Fwiw though, my DD has her dad's surname as a second middle name and it does cause confusion. We've told the nursery a million times that it's not double barrelled but they still assume it is, and now she's convinced that it's double barrelled too 🙄

I've never put DDs middle name on documents - bar passport obviously -, to avoid that situation, it's an easy assumption to make.

theduchessofspork · 01/04/2024 11:29

PinkPomelo · 01/04/2024 11:24

If just her birth certificate has it and her passport doesn't, could that cause her issues down the line? I can't see anything online about changing a name on an irish passport, seems easy enough for the UK one.

I would love it on her birth certificate but if it's going to cause her confusion down the line it feels selfish

It isn’t going to cause confusion.

If you want to change the name in your passport in ireland you just supply the new birth cert / marriage cert / whatever cert says that your name has changed.

Seriously OP just crack on and do it, you are overthinking and making far too much of a small thing.

LiterallyOnFire · 01/04/2024 11:30

PinkPomelo · 01/04/2024 11:27

@Weakmocha that's why I ended up not doing it... thought she'd have a life of explaining it. So I was going to put it in and not use it for nursery etc anyway. Do you need to show passport or birth certificate to nursery and school or do you tell them what name to use?

Both. You show official ID and you stipulate what they're known as.

But you are massively overthinking all of this. Probably because you're a bit down.

Nobody needs to "explain" their name. Your name is whatever name you're given and she won't have to explain it to anyone. Whatever name you give her is fine.

Just do it now and deal with the admin as it comes up.

WarningOfGails · 01/04/2024 11:31

It’s never caused any issues for me having one parent’s surname as a middle name.

RainBow725 · 01/04/2024 11:32

It's no hassle having 2 middle names. My two have my surname as a middle name which has made travelling much easier since their other parent buggered off when youngest was 3. They are known by first name last name but use all their names on official forms etc.

Theblacktulip · 01/04/2024 11:36

My grandmother had her mother's surname as a middle name.

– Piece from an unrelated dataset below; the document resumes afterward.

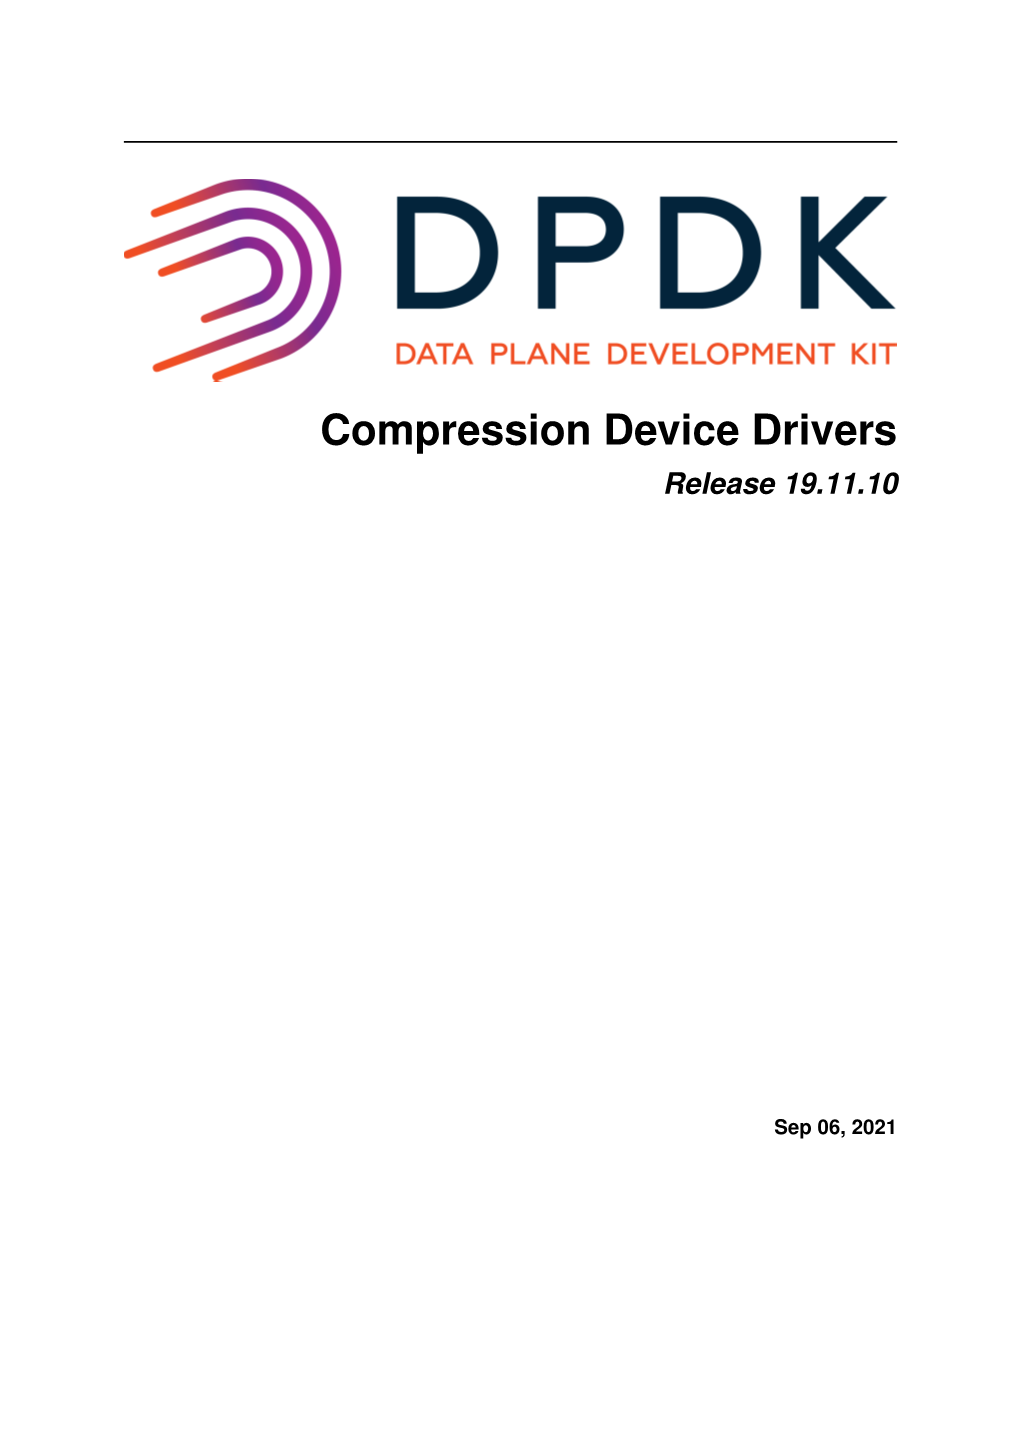 Compression Device Drivers Release 19.11.10

I always though that was really cool and very progressive. They came from a very poor (tenant farmer) home. It was a very obvious surname.

PinkPomelo · 01/04/2024 11:37

To be fair I haven't even had a birth certificate for years and only needed it to get married. I'm tying myself in knots here... over thinking it probably

OP posts:
Theblacktulip · 01/04/2024 11:37

This reply has been deleted

This has been deleted by MNHQ for breaking our Talk Guidelines.

OMG, can't believe women still think like this

coldcallerbaiter · 01/04/2024 11:38

Change with deed poll v inexpensive, does not need publishing. Submit the deed poll with the passport application.

Or, save the name for a future son?
My sons both have family surnames, mine and my mothers maiden surname. My daughter had my mothers first name in the middle.

Dont forget your own mum in all this, passing your own surname is fine but it belongs mainly to your dads family line and mums get no look in.